Uh! Ch’ero diventato ricco, ricco come il padrone. Che bellezza! Aver le scale dipinte e sette paja di scarpe! E sposare Mikela, la nipote del padrone. No, quella non la voglio. È una sciocca. Meglio la figlia di Francesco Rovedda, che è grassa come un porcellino. Mikela è più bella, ma è troppo magra.
Lustrando le unghie del cavallo, Fidele continuò a sognare, scegliendosi una sposa fra le più belle ragazze del villaggio; e tornava sempre col pensiero a Grazia, la figlia di Francesco Rovedda, ch’era rossa come lo scarlatto e robusta come una quercia secolare. Gli sembrava vero vero. Ma ad un tratto i vetri di una finestra, che cominciavano ad esser meno opachi e freddi, tintinnarono e vennero aperti.

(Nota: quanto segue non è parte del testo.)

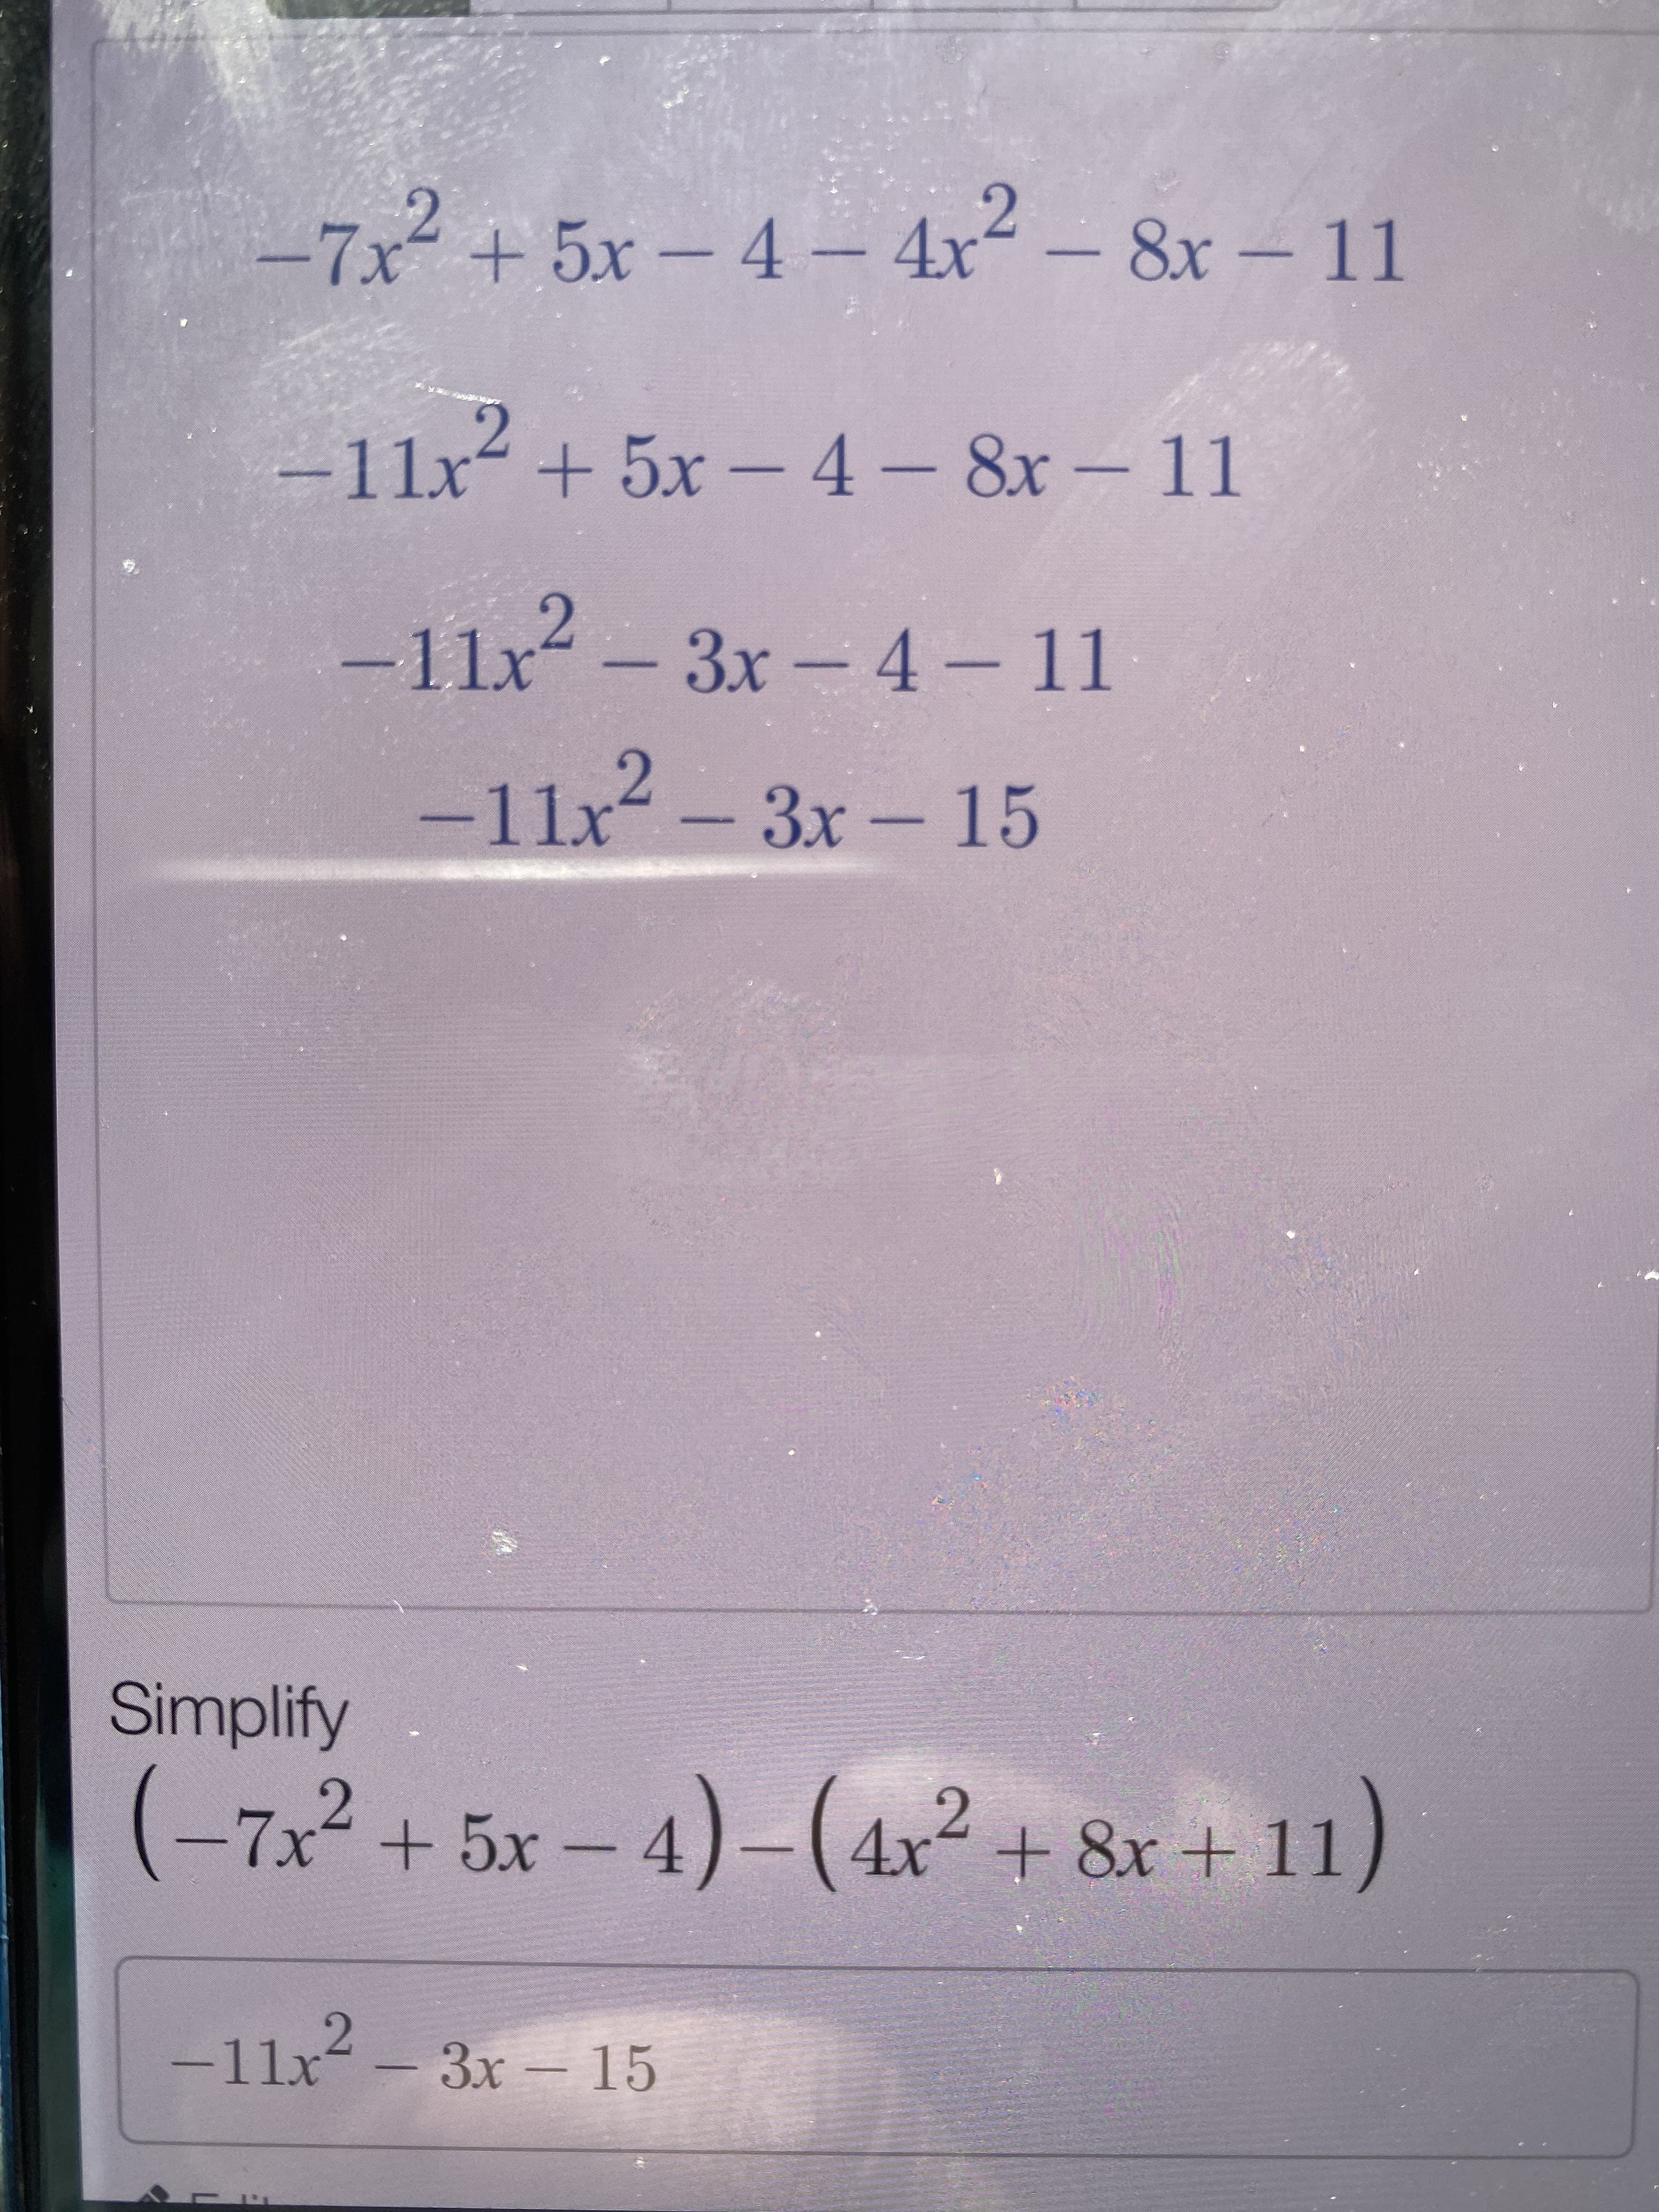 Simplify
(-7x2 + 5x - 4)-(4r? + &x + 11)
-7x-+5x-
4x²+ 8x + 11

La testa di don Evéno comparve, e Fidele si ritrovò davanti alla sua dura realtà.
— Ancora in faccende sei? Sbrigati, Coda di sorcio — disse il dottore dalla finestra.
Fidele fece una specie d’inchino, ma fra sè esclamò:
— Coda di sorcio, Coda di sorcio! E lui che cosa è? Coda di gatto?
E rise fra sè, cercando la bella gualdrappa di velluto nero ricamata.